Most of the transcription factors that are key to control of cell state and that can act as reprogramming factors are thought to control transcription initiation at the genes they regulate. For example, the ESC transcription factors Oct4 and Nanog bind to the P300 and Mediator coactivators (Chen et al., 2008; Kagey et al., 2010), which can then drive the formation of open chromatin and recruitment of the transcription apparatus. Similarly, many of the transcription factors that can reprogram or trans-differentiate cells, including MyoD, C/EBPβ, HNF1α, HNF4 α, BRN2 and GATA4, bind to at least one of these coactivators (Borggrefe and Yue, 2011).

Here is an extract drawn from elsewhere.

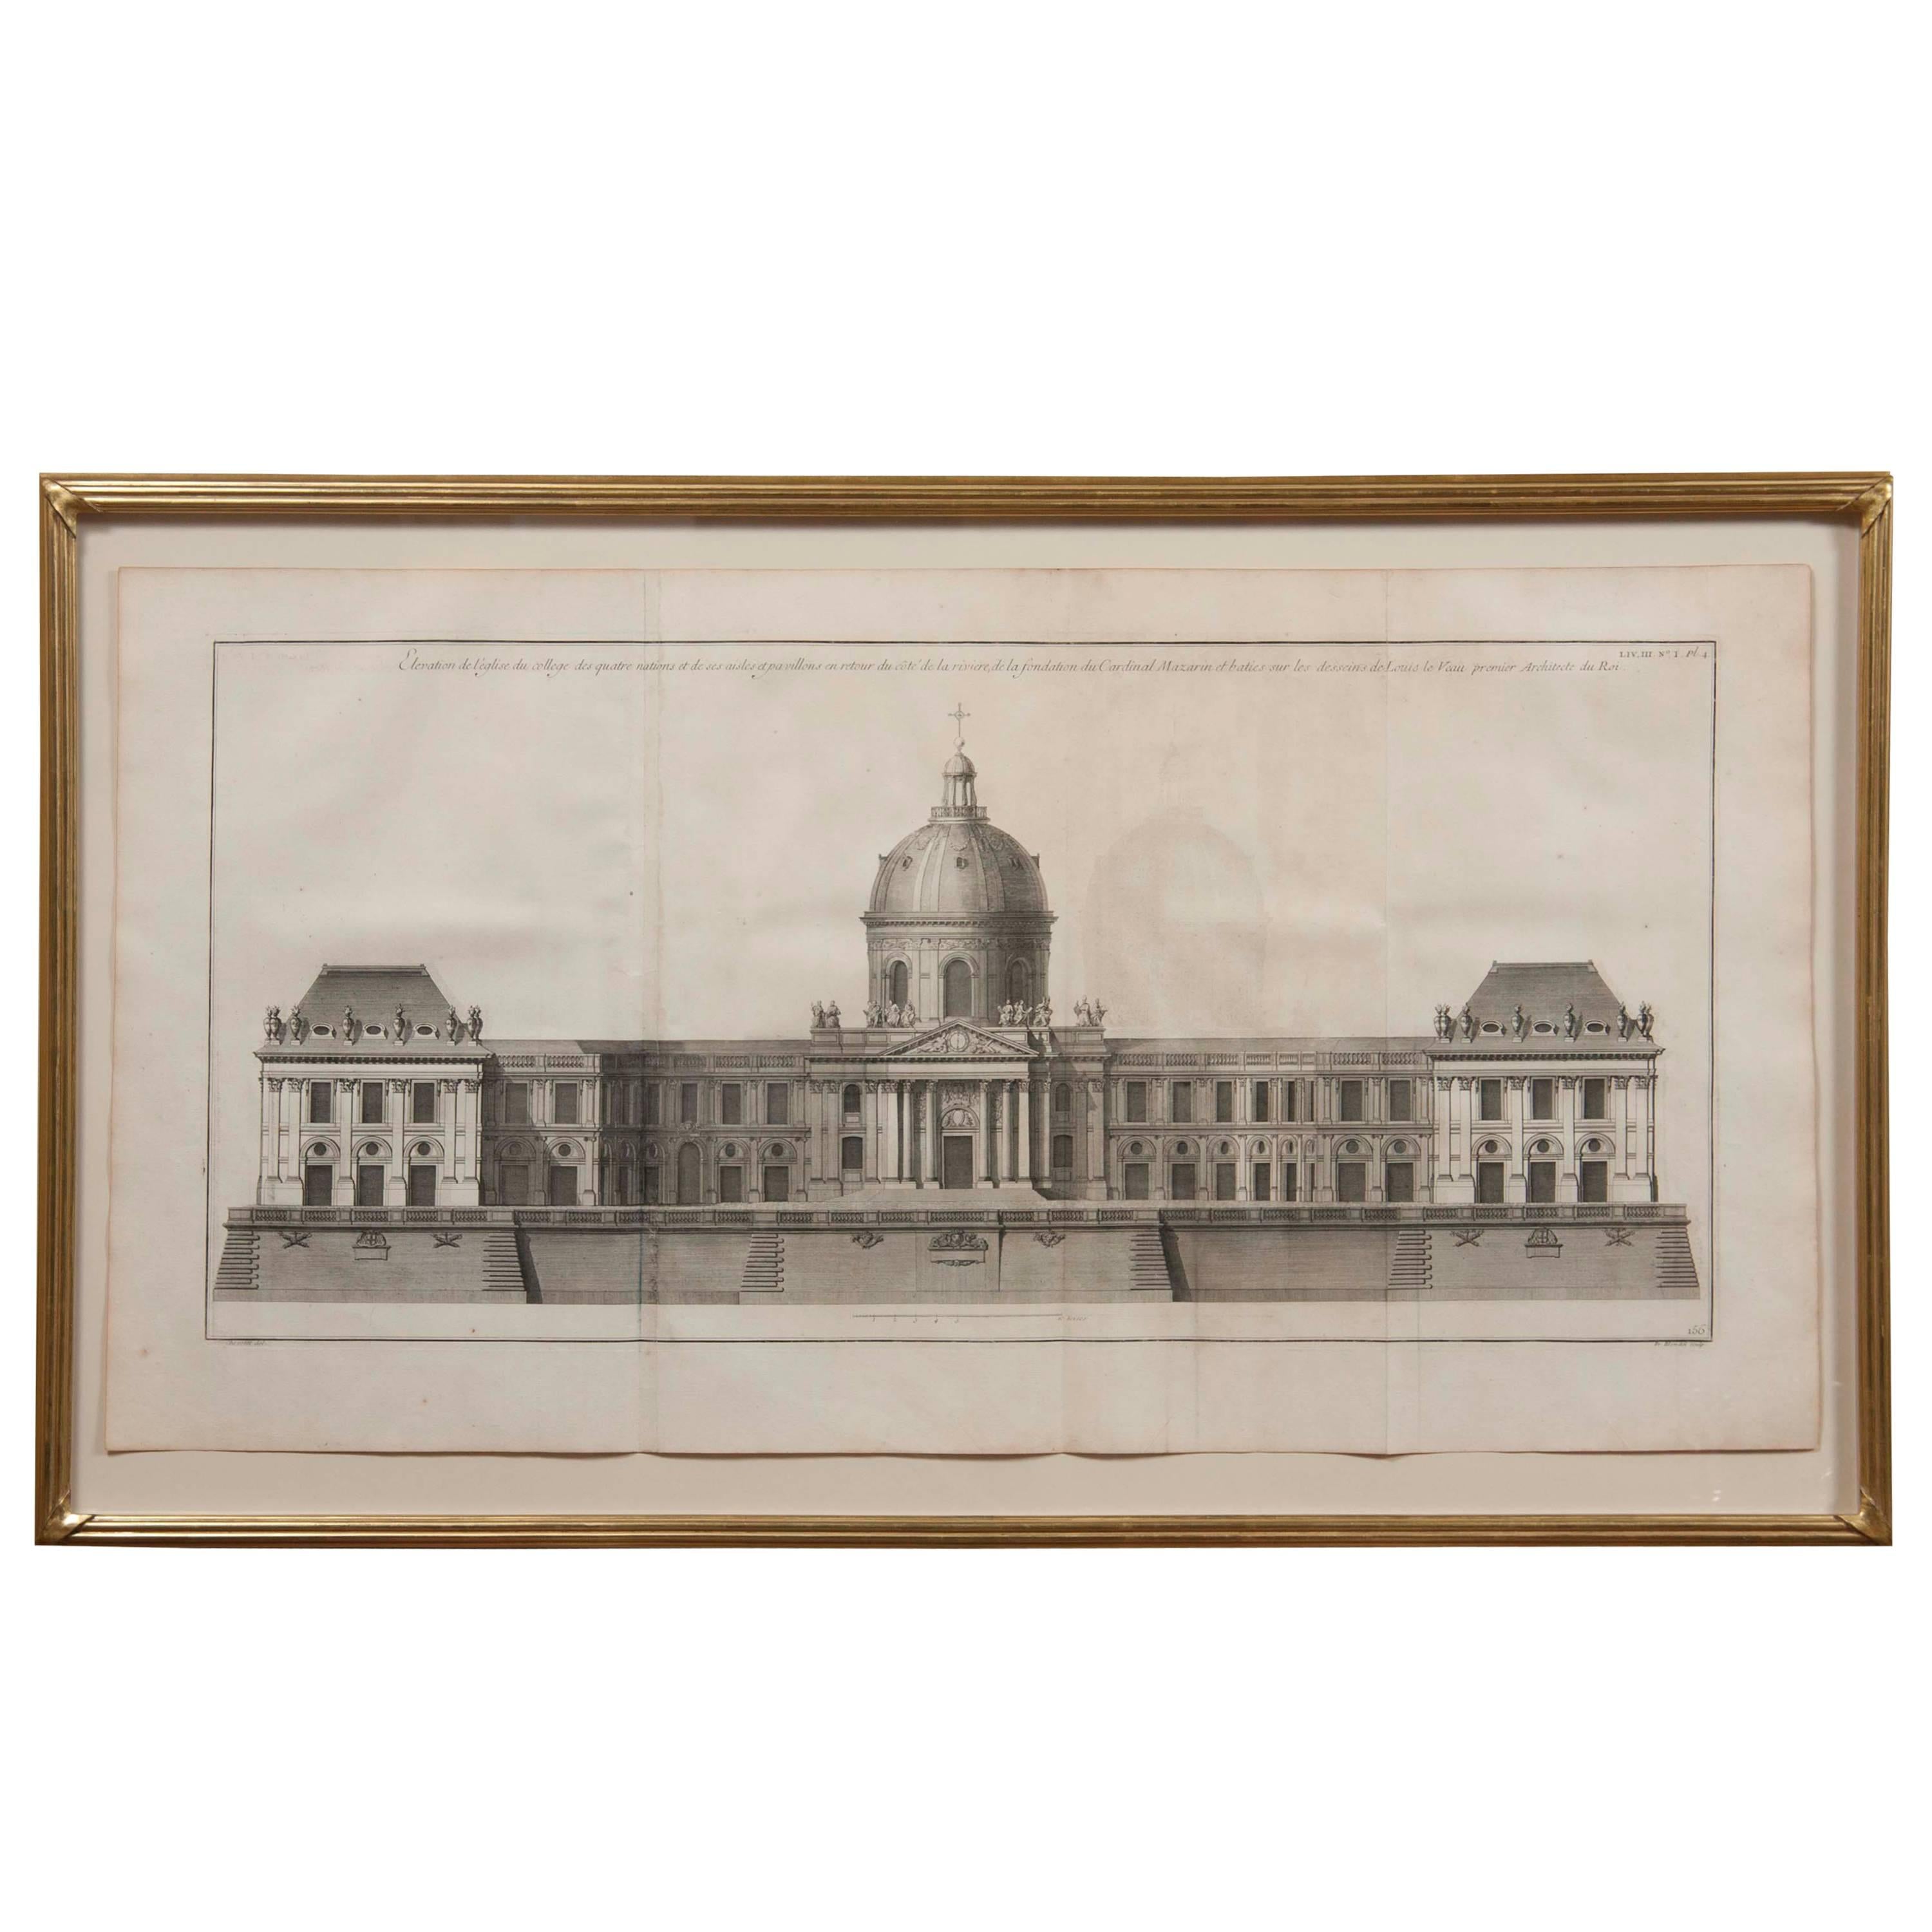 French Engraving "Institute de France" For Sale

Recent studies have revealed that certain transcription factors can exert a broad effect on the gene expression programs of cells through elongation control (Figure 4). The c-Myc transcription factor can stimulate increased elongation from essentially the entire active gene expression program in diverse cell types (Lin et al., 2012; Nie et al., 2012; Rahl et al., 2010). The transcription factor AIRE functions to expand the set of genes that undergo RNA polymerase II pause release in specialized thymic stromal cells, allowing expression of the broad spectrum of self-antigens necessary to induce immune tolerance (Abramson et al., 2010; Giraud et al., 2012; Oven et al., 2007; Zumer et al., 2011). In hematopoiesis, the TIF1γ transcription factor controls erythroid cell fate by interacting with P-TEFb and regulating transcription elongation at a specific set of target genes (Bai et al., 2010). Development generally appears to be dependent on proper elongation control; the transcription elongation factor Tcea3 (TFIIS) contributes to the ability of ESCs to respond appropriately to differentiation cues (Park et al., 2012) and mutations in the P-TEFb repressor HEXIM cause gross developmental defects (Nguyen et al., 2012).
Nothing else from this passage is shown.